Midori’s involvement is symbolic, given her expected presence as artist in residence for the RSNO’s originally published 2020-21 season, and the fact she will still be playing, over two programmes, the intended works - the Beethoven concerto and Detlev Glanert’s Violin Concerto No 2, written especially for her and co-commissioned by the RSNO.

There’s a conscious correspondence between both concertos. “I asked Glanert to make a connection, as I wanted the possibility of including both in the same programme, but didn’t specify what that should be,” Midori explains. The result was a concerto that not only replicates Beethoven’s scoring, but takes as its creative inspiration Beethoven’s famously effusive, unsent love letter to the mysterious “Immortal Beloved”.

The result, she says, is a work “that is incredibly beautiful, very lyrical, full of drama and tension building.” What’s more, this is now likely to be the world premiere, as the intended May unveiling in Hamburg didn’t happen, and a planned Tokyo performance later this month has been postponed till 2022.

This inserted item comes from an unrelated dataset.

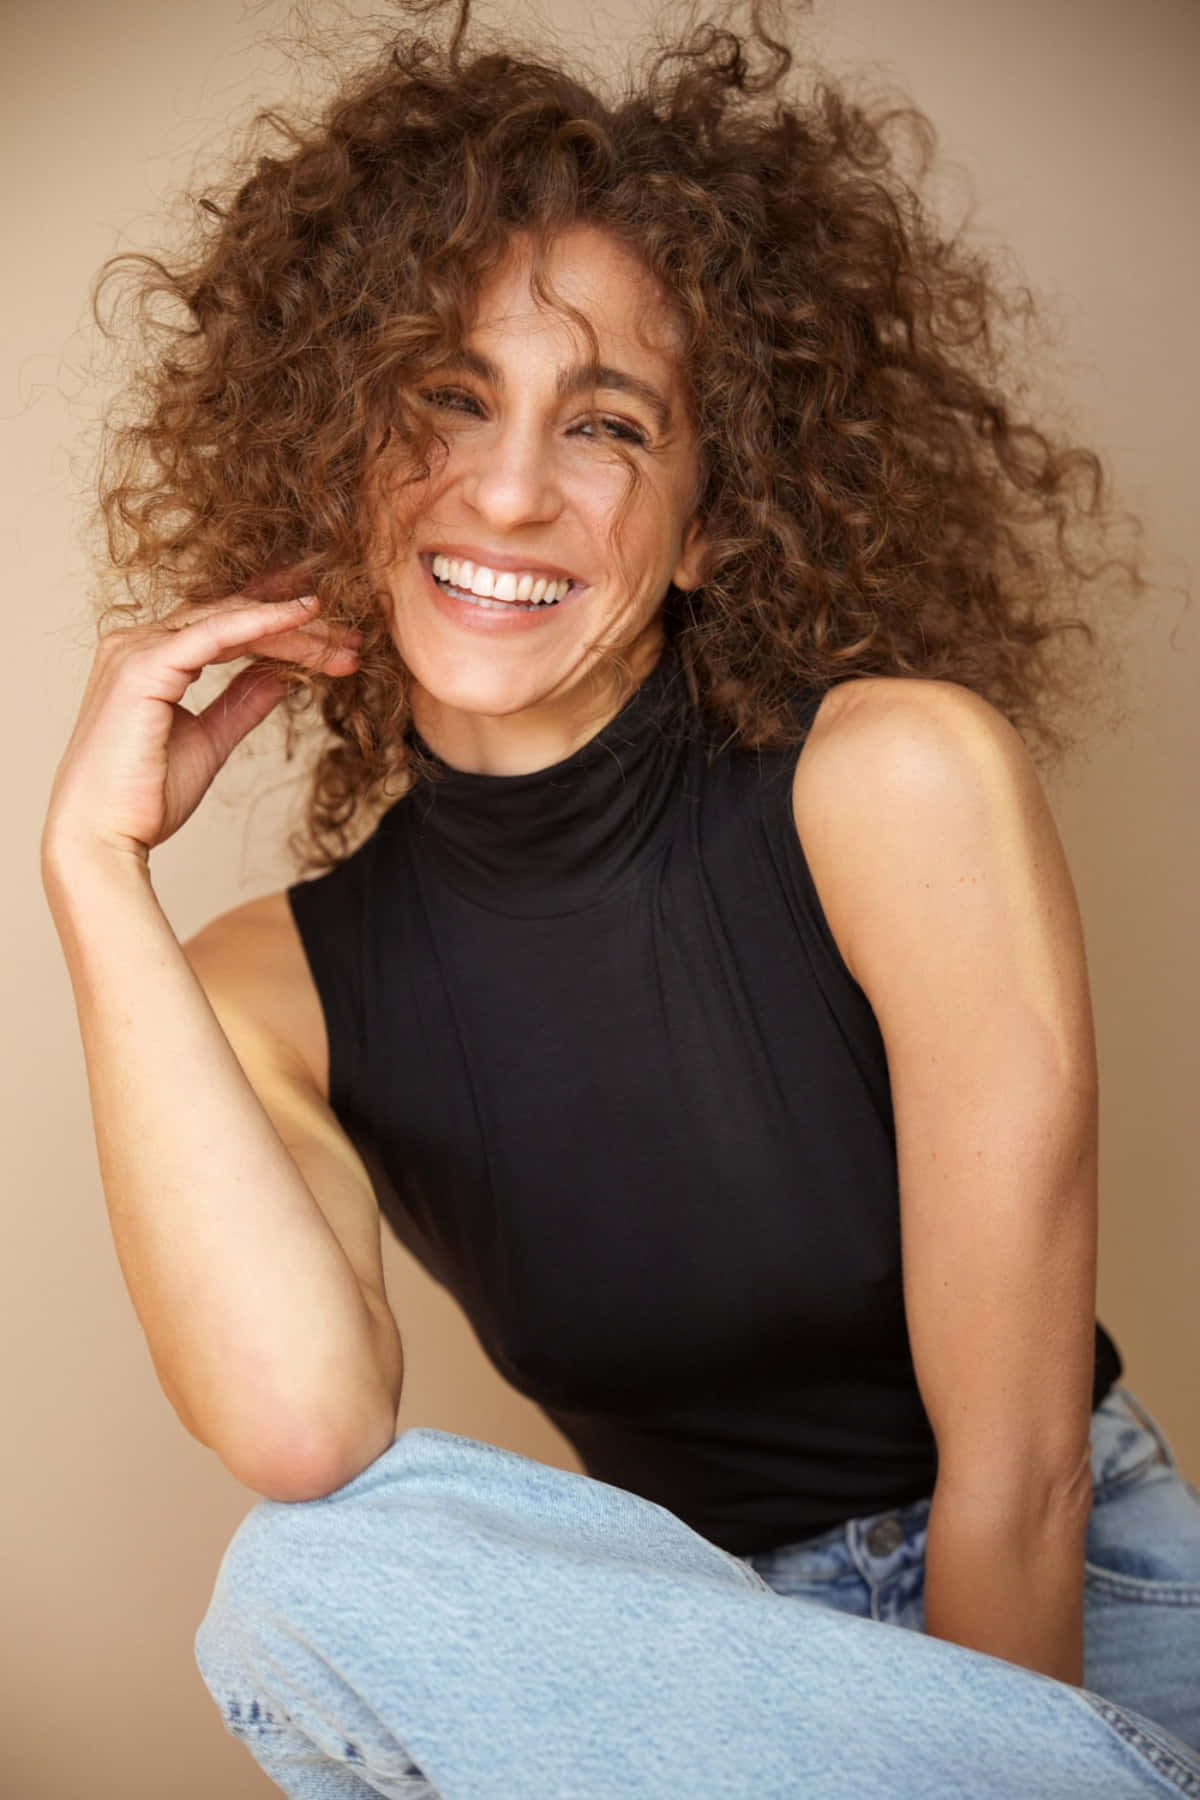 Curly Haired Woman Smiling Casually Wallpaper

Glanert, she believes, is “a wonderful composer.”

“I was privileged to attend the premiere of his latest opera Oceane last summer in Berlin. I absolutely loved it.” Scots conductor Donald Runnicles, who directed its premiere, describes the 60-year-old composer's score as “big, grandiose and gripping.” Midori detects a “definite relationship” between the violin concerto and the opera - “like his character, they are easy-going but also very serious”.

RSNO subscribers can view the Glanert online from 15 January. The Beethoven features from this coming Friday. And if that’s not soon enough, there’s always the sprightly new Lucerne recording, released on Warner and already available.

It’s a fairly classy album, characterised largely by the unsuppressed presence of the vibrant Lucerne orchestra over which Midori’s concerto interpretation flows with wholesome flavour and unfussy sentiment. There’s a definite sense of “we’re all in it together,” which is hardly surprising given the absence of a conductor - leader Daniel Dodds is the principal conduit.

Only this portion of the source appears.